Material provided =

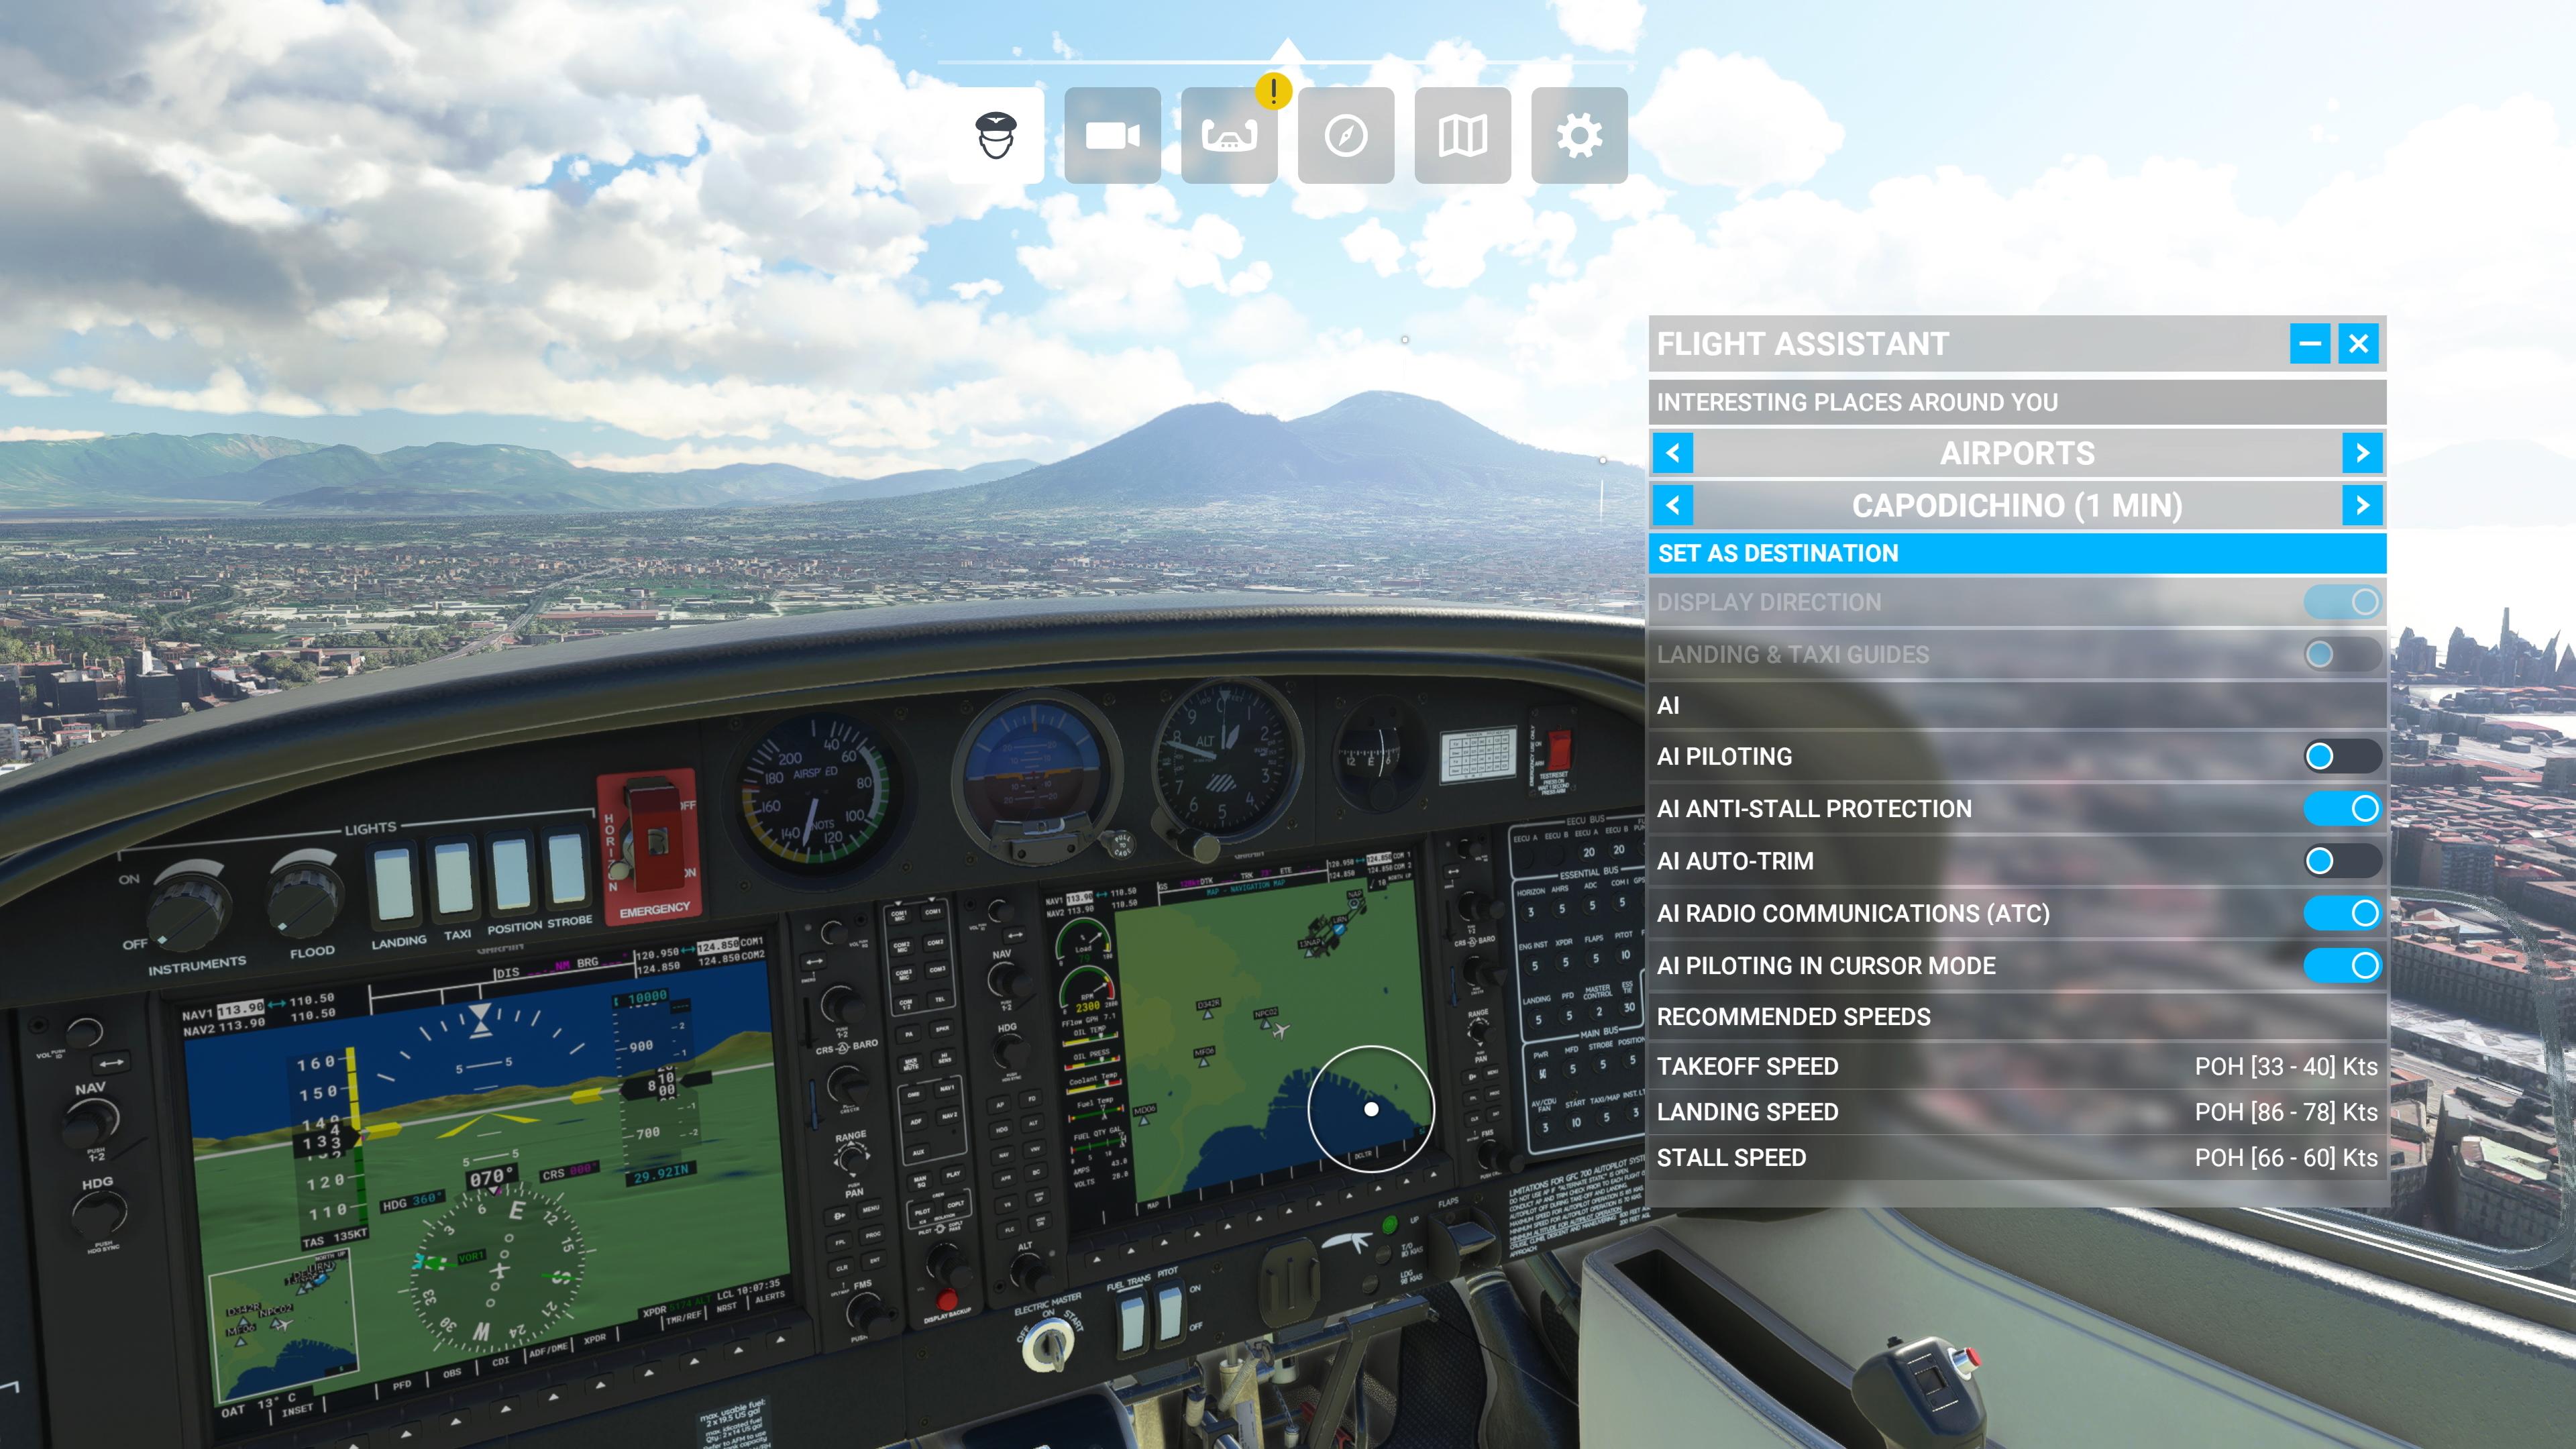 Microsoft Flight Simulator Launch On Xbox Series X|S
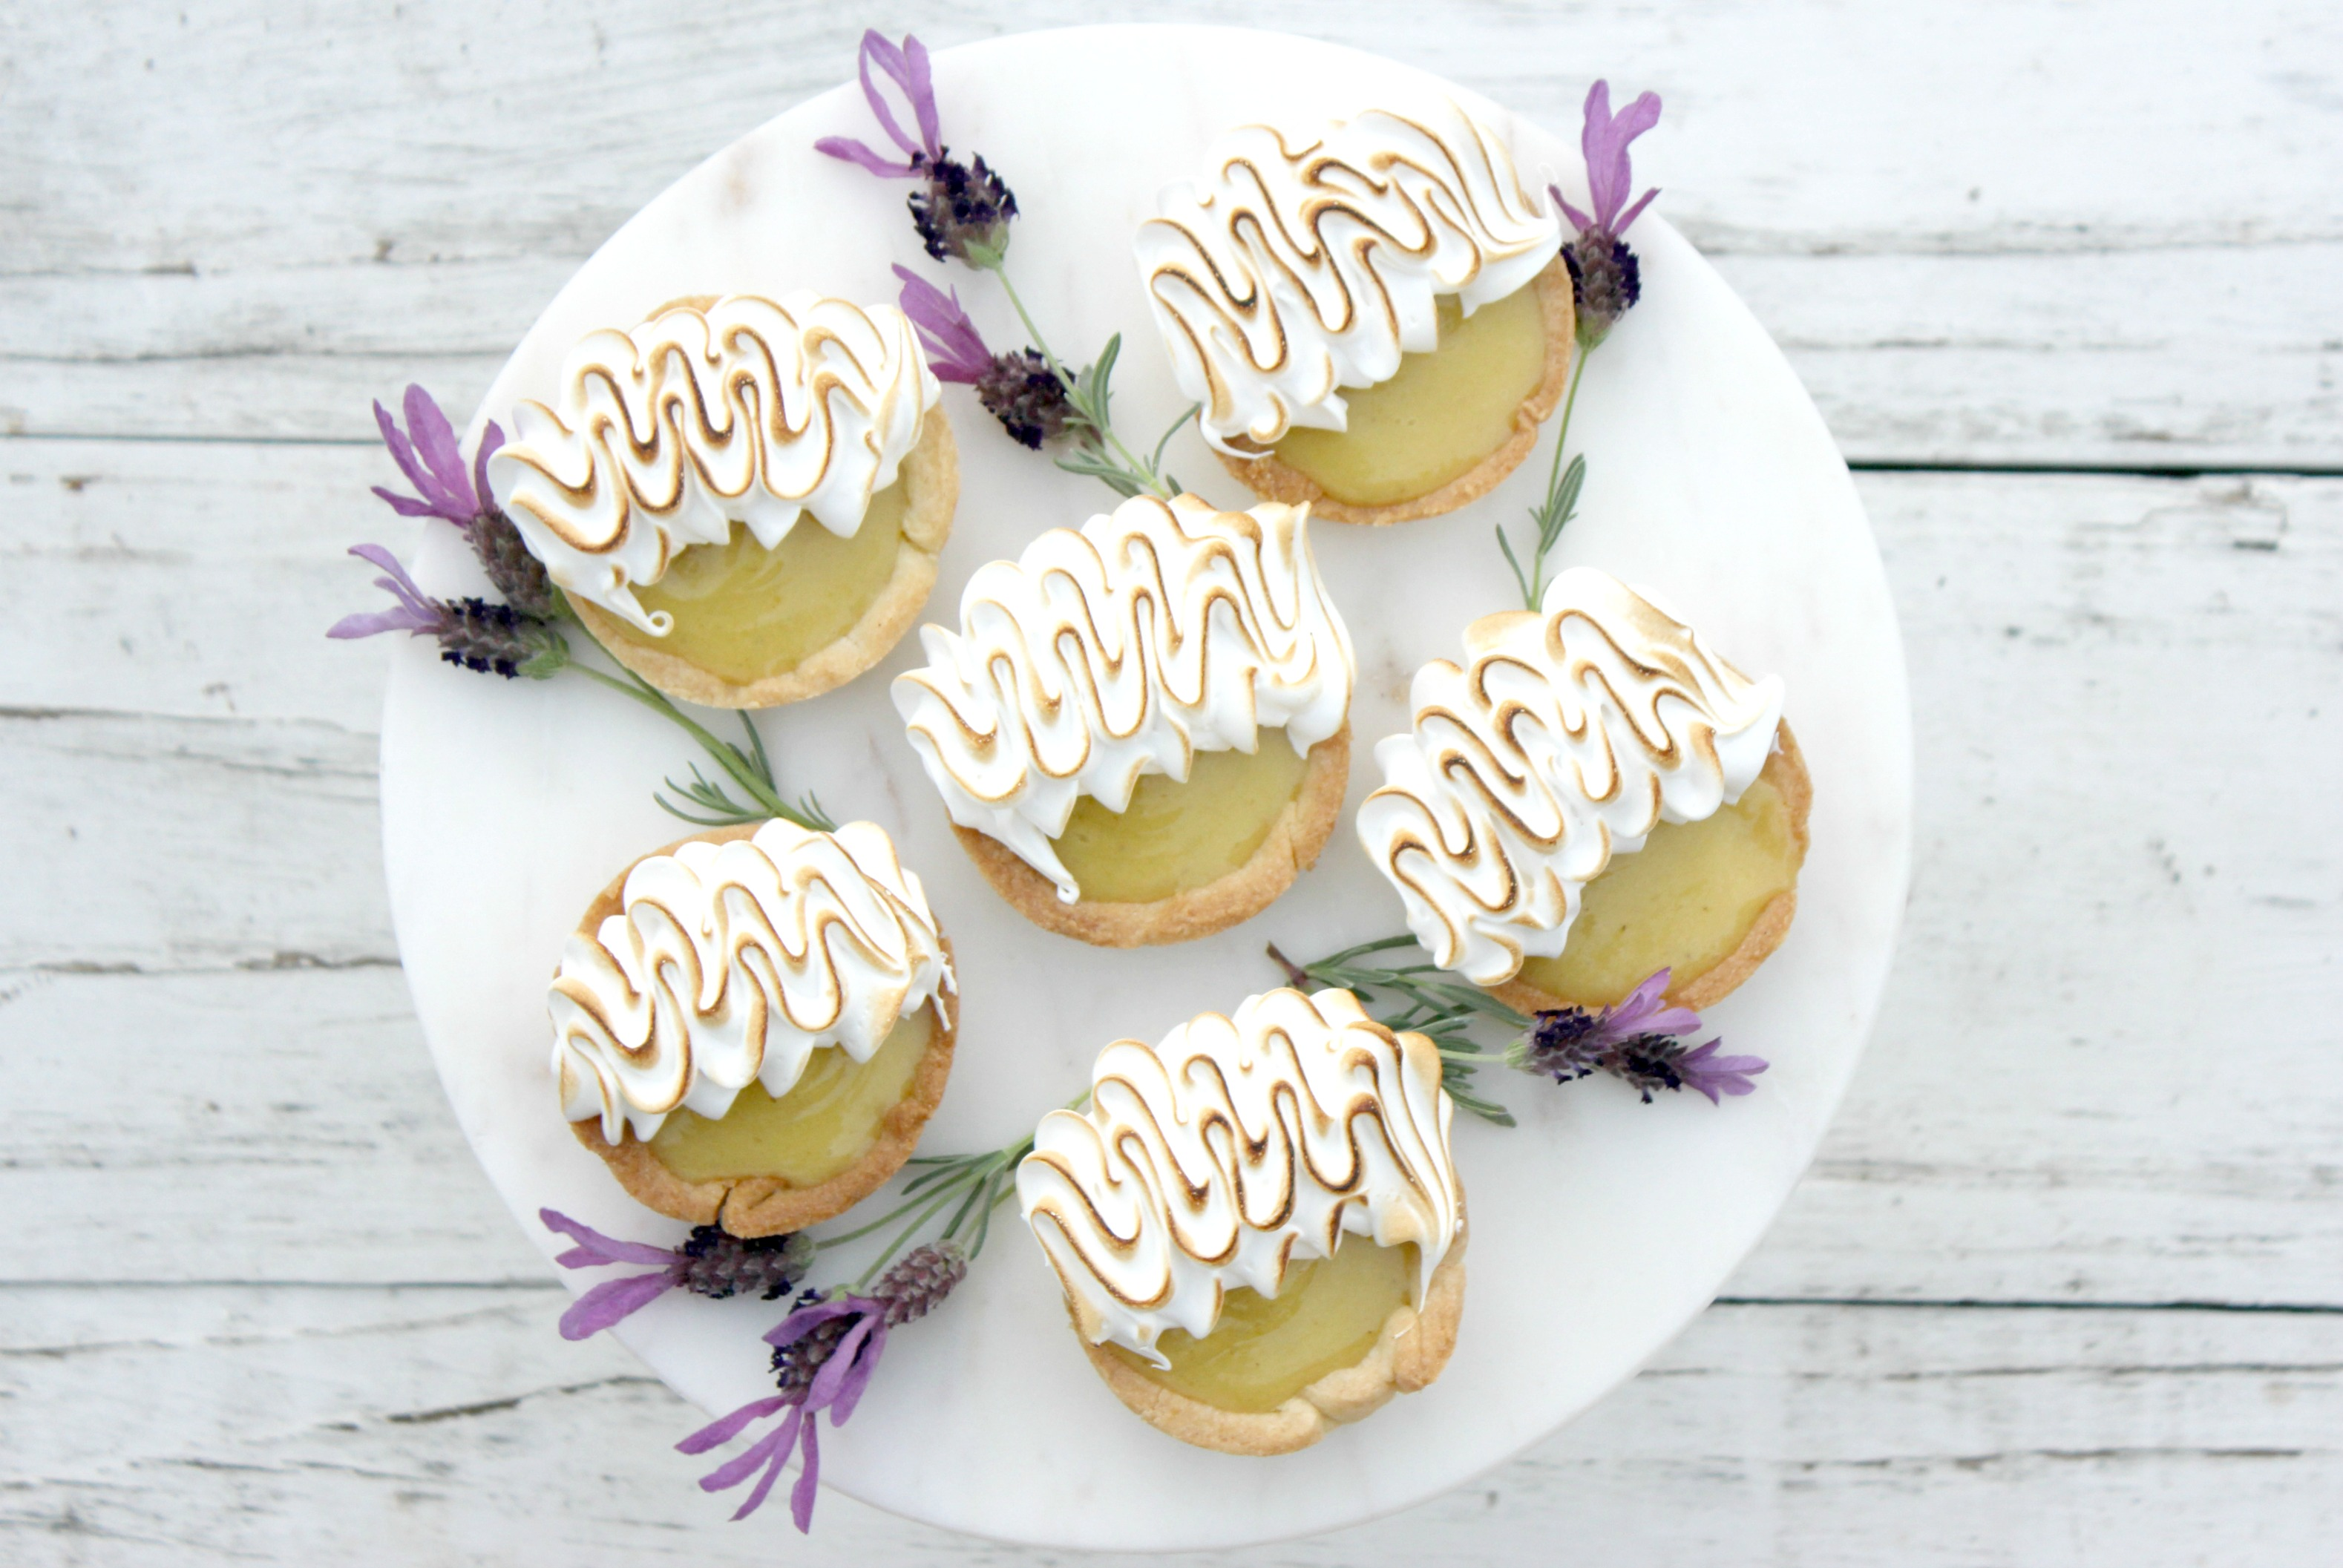 Lemon Lavender Tarts
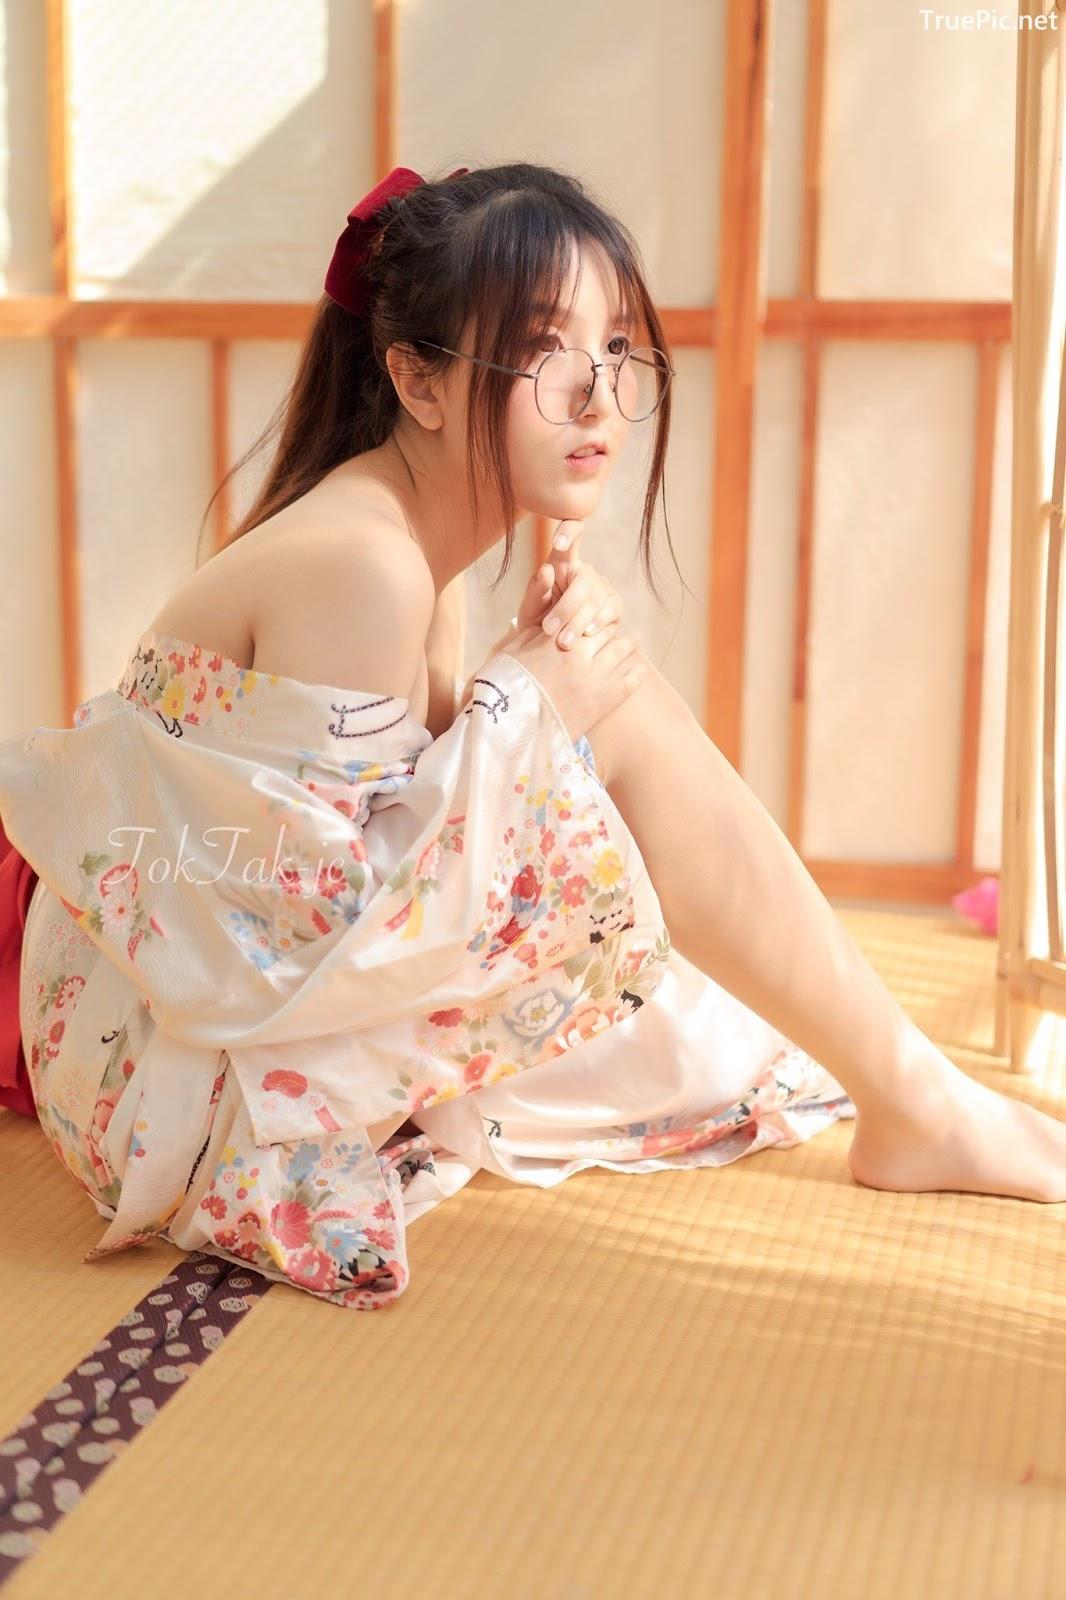 Image Thailand Model - Phunnita Intarapimai - Sexy Kendo Girl - TruePic.net - Picture-3

Action item =
Your answer should be every line above, written out exactly, with no pictures.

Response to the task =
 Microsoft Flight Simulator Launch On Xbox Series X|S
 Lemon Lavender Tarts
 Image Thailand Model - Phunnita Intarapimai - Sexy Kendo Girl - TruePic.net - Picture-3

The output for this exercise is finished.